Now further investigation reveals that the screenshot on the hacking forum posted on Troy Hunt's website was not the ground zero. I was able to identify a forum post (a different forum from the one in Troy Hunt's website) that was selling databases similar to the ones in Collection #1.

A typical advertisement in hacking forums

The list of databases for sale in this advertisement

Upon closer inspection of the data advertised, there seems to be a similar offering to the contents of Collection #1. I assess (with medium confidence) that the data advertised in the forum is also possibly included in the bigger data in Collection #1 (right).

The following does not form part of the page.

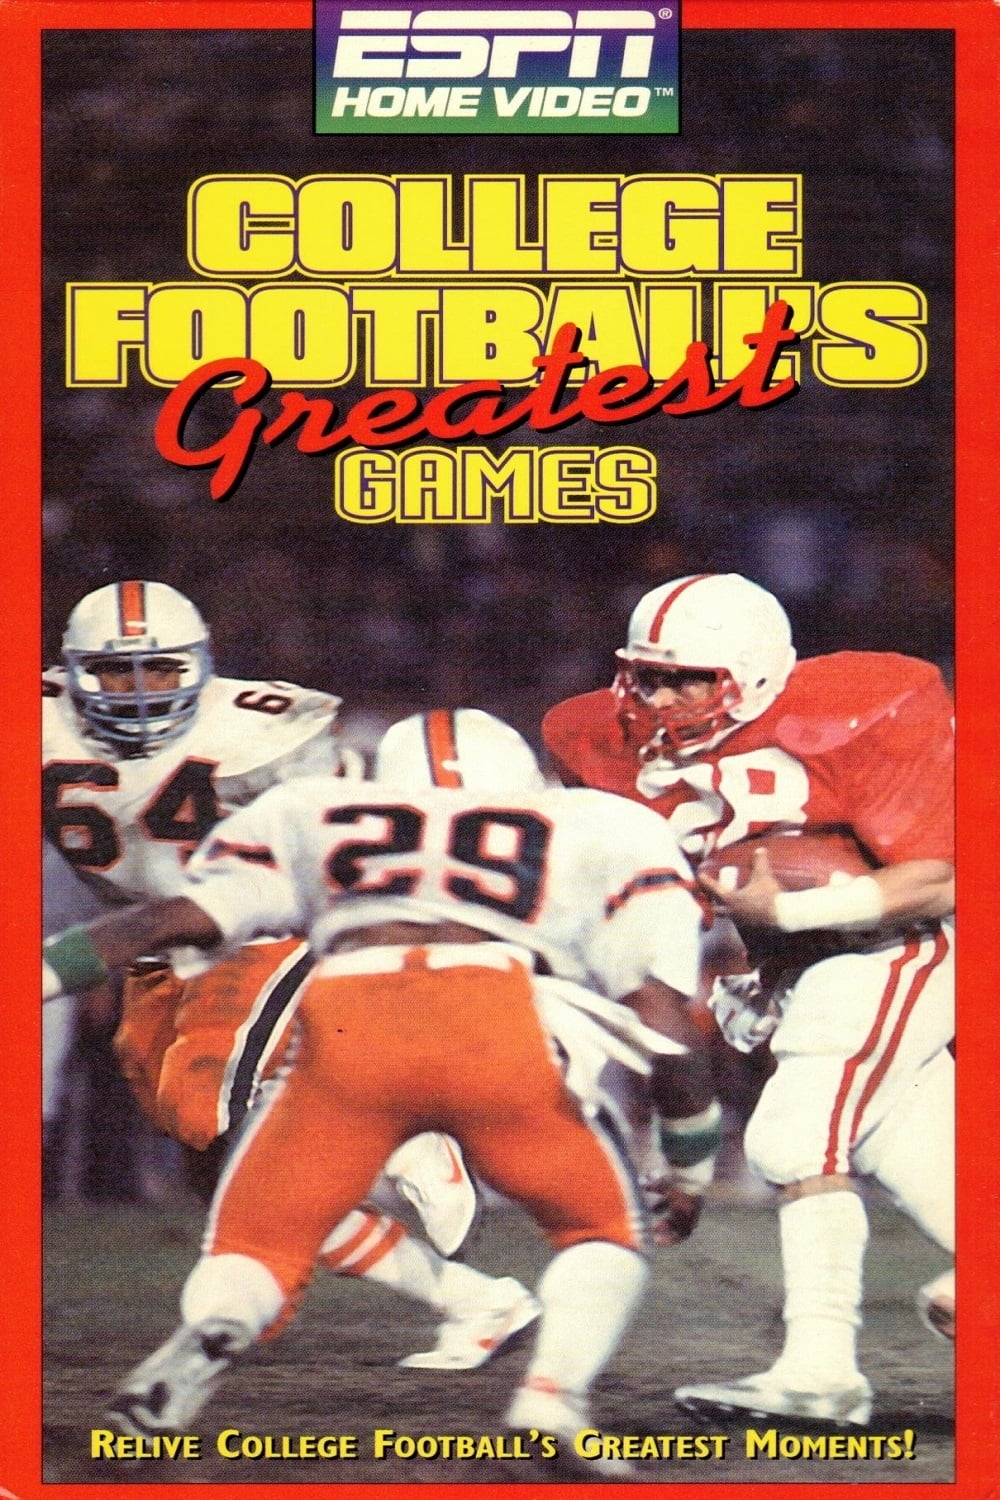 College Football's Greatest Games

Possibly same data, different seller and databases

Now according to Brian Krebs, his interaction with the seller known as "Sanixer" on Telegram reveals that Collection #1 (87GB) was just the beginning of the bigger 993.36GB (almost 1TB) data dump. This was being sold for just $45!

The Telegram User Sanixer (below right)

While Sanixer was offering/advertising the 1TB data for $45, I spotted a forum post who was actually giving this away for free!!! Apparently the forum user was unhappy claiming that Sanixer was sharing his "Infinity Black Combo" in that storage. As an act of retaliation, he posted links to all the 1TB data that can be accessed for free!!

Links to the 1 TB data! 

And to make things worse, other forum users were spotted posting links to these data as well. The post below was posted on 9 January and another 19 January.

Another set of links to the 1 TB data

Another post from a different forum 

Due to ethics, I did not download any of these content, however I took screenshots of these content to show what was being offered.

Screenshot of Collection 1

Screenshot of Collection 2

Screenshot of Collection 3

Screenshot of Collection 4

Screenshot of Collection 5

Screenshot of Antipublic 1

Screenshot of Antipublic 2
In conclusion, I believe that most (if not all) of these data are not new but could be either bought or downloaded from existing databases in the deep web. While some researchers or journalists published this 'breach' as the biggest or largest breach, allow me to recollect your memory to the 1.4 Billion credentials leak of 2017 - reported by 4iQ and the Exploit[.]in compilation of over 592 Million accounts (leaked databases) in the same year. I have a feeling that this 1 TB of data advertised in the underground community is merely a compilation of previous and past years breaches until mid 2018.